Apparently HHS has gotten sanity on its failure to release monthly numbers, and will give us up-to-date totals this time. We have been getting monthly updates only to the last Saturday of each month, which makes no sense. This time, we are hearing that HHS will not only give us the numbers to March 31 in their next report, but all the way to April 15, the data when most states wrap up extended enrollment.
But remember, that isn't true of all states, and even after Open Enrollment definitively closes, people with Qualifying Events will still be able to get insurance on the Exchanges, or change insurance plans. That includes losing a job that provided coverage, having a child, and so on. Rules differ by state, so YMMV.
We do not seem likely to hit 8 million by tomorrow, but we certainly will some time after that, and we will keep on going. In the meantime, we have other numbers and news.
In the first update I plan to list the Republicans who will be questioning Silvia Burwell in her confirmation hearing, and to link to the goofiest things I can find them having said about the ACA. Will any of them back off, or will they top themselves? Again?
Update #1: Nope. It turns out that the first update is another shoutout from Paul Krugman to brainwrap.
Update #1
Paul Krugman, NYT: Obamacare, The Unknown Ideal, Continued
In part this may reflect the Obama administration’s lackluster job so far in getting the word out. But it also, I think, reflects a persistent anti-ACA tilt in news coverage. In the final days of March I wrote about the de facto blackout on the obvious surge in enrollments; if you weren’t reading Charles Gaba and/or bloggers who followed him, you were in the dark about a huge developing story.
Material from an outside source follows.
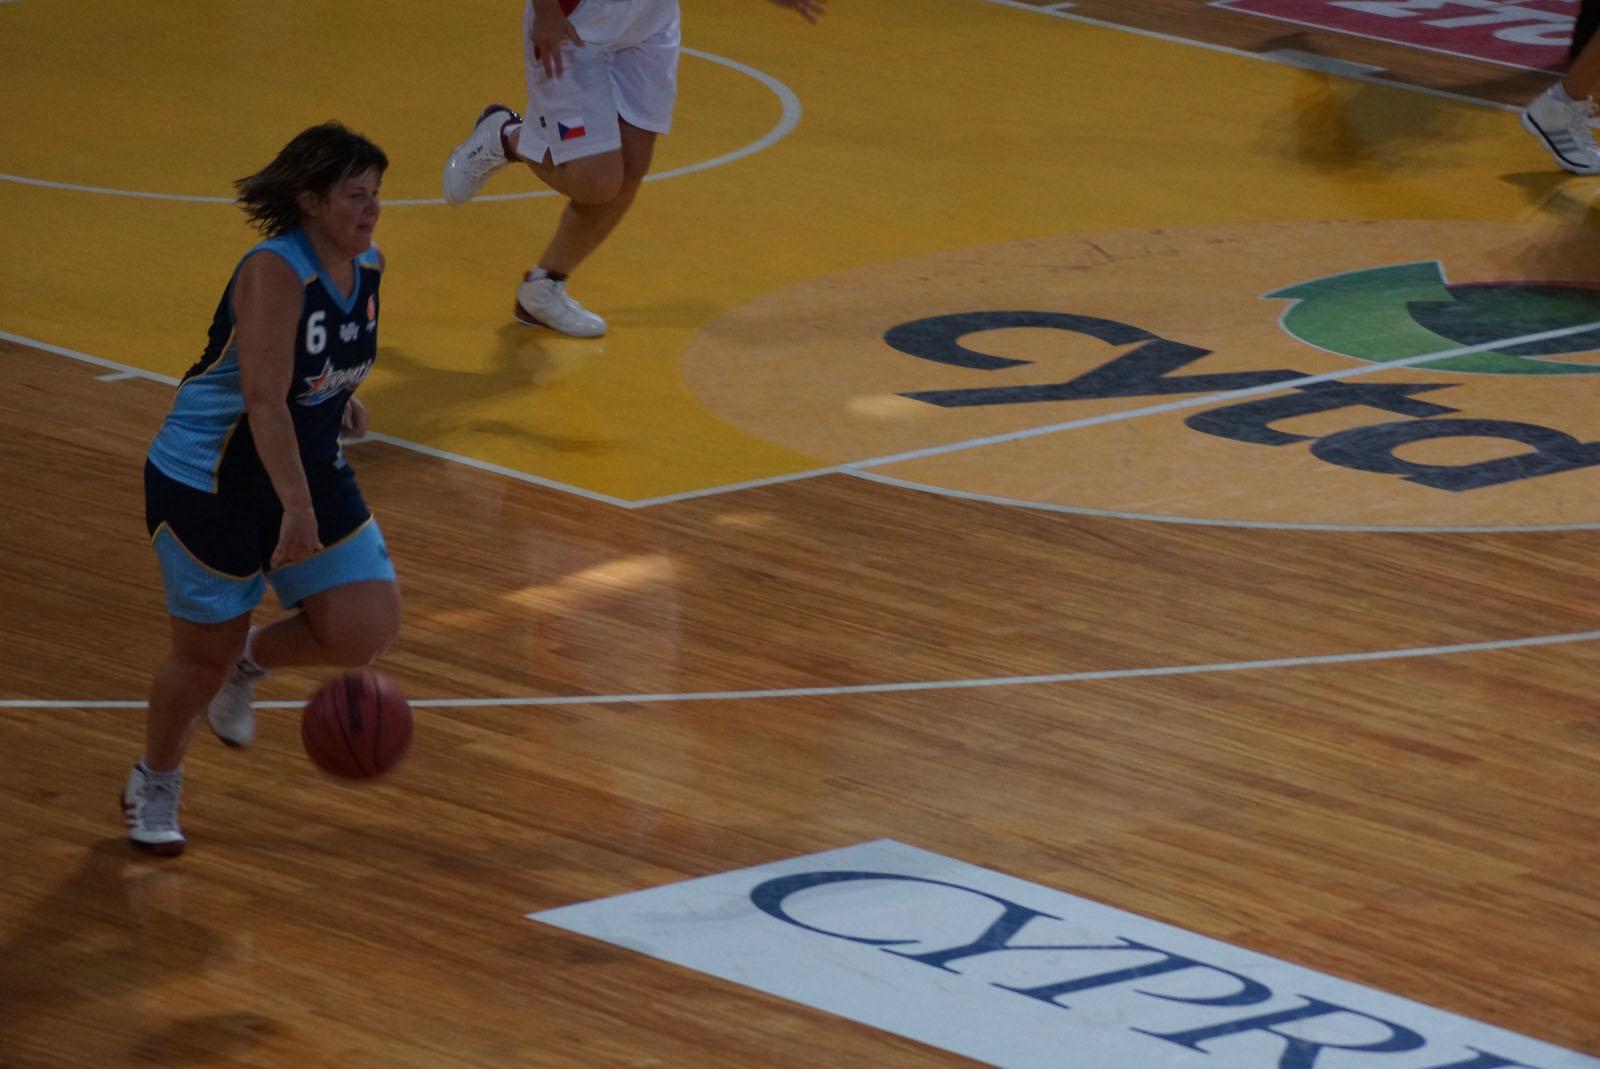 ALEXANDRION 1 | 50+F | KIWI PRAHA CZECH REPUBLIC A - ARGENTINA FFEMAR
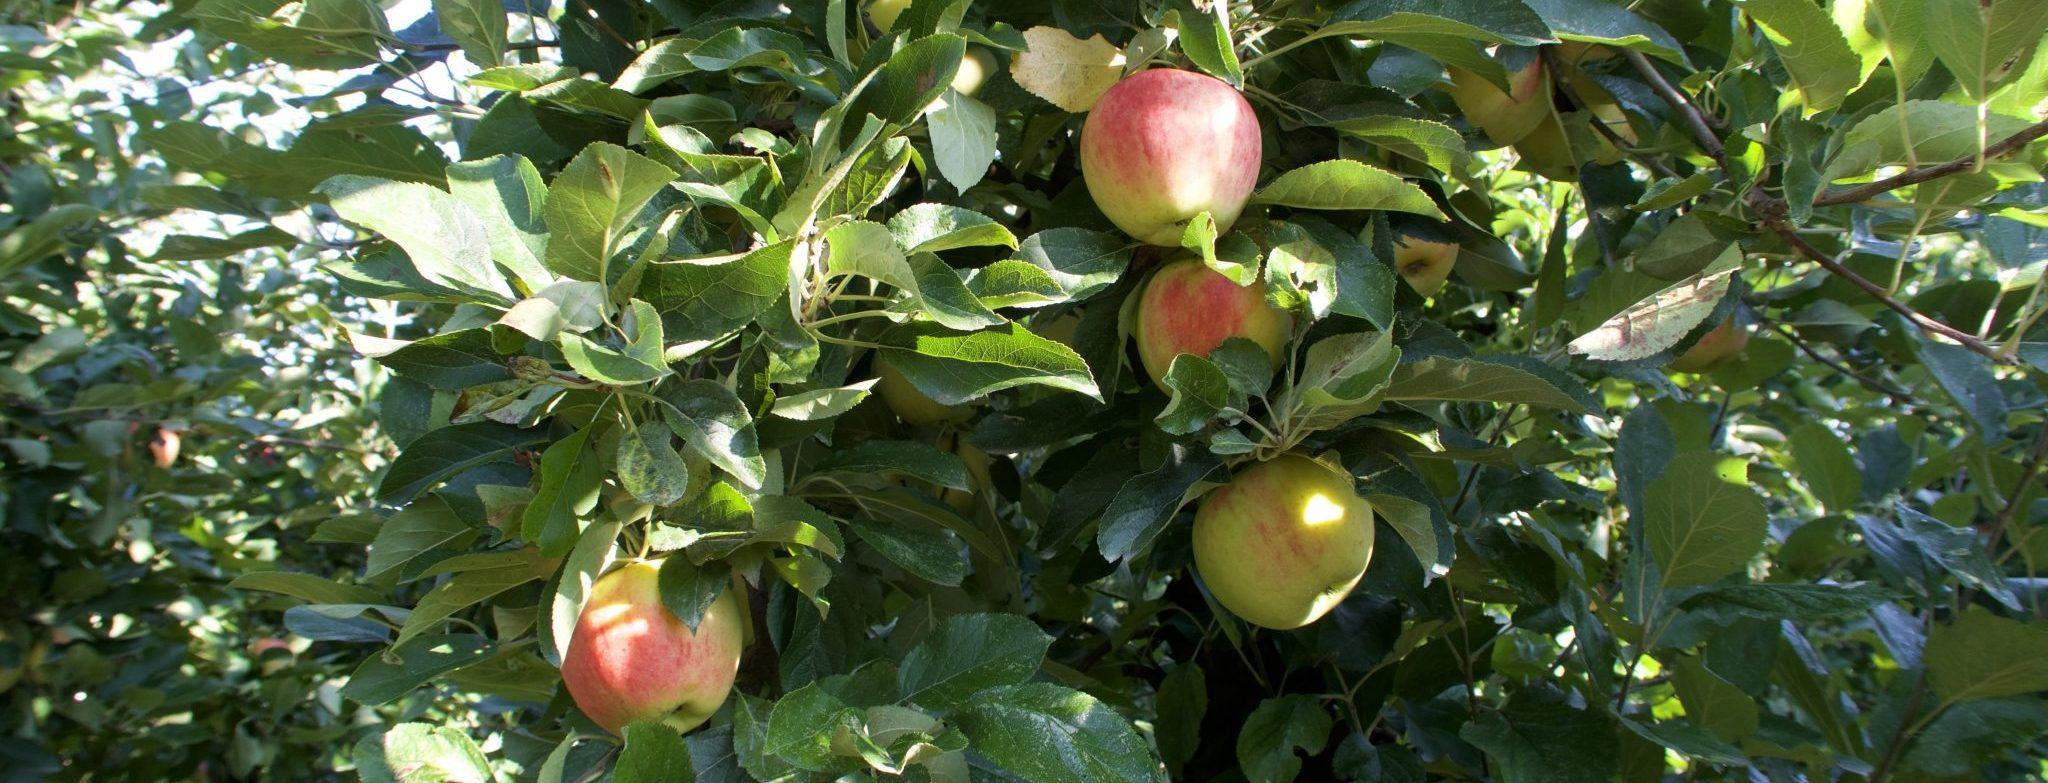 appels olmenhorst

And this tilt has continued.
Update #0
News and Numbers
March HHS Report to include enrollment data through mid-April after all?
Yesterday I issued a reminder/warning that the March HHS report might stop at 3/29, leaving the last 2 (and by far the busiest) days of the official enrollment period, the 30th-31st to be moved over to the April report.
If HHS did this, the March report would appear to only include about 6.5M exchange QHPs, since another 600K would be moved to April, along with the additional 700K (give or take) enrollments from 4/01 - 4/15 (and even beyond).
Fortunately, if this bulletin from Inside Health Policy [paywalled] is true, wiser heads at HHS have prevailed...and then some!
HHS Eyes April 17 Release Of Latest Enrollment Numbers
BONUS: ACA causing INSURERS to proactively HELP people w/diabetes!
On top of today's CBO report projecting a $104 Billion savings on the cost of the ACA over the next decade and their projection of 2015 premiums only going up slightly, this is a hell of an unexpected bit of news....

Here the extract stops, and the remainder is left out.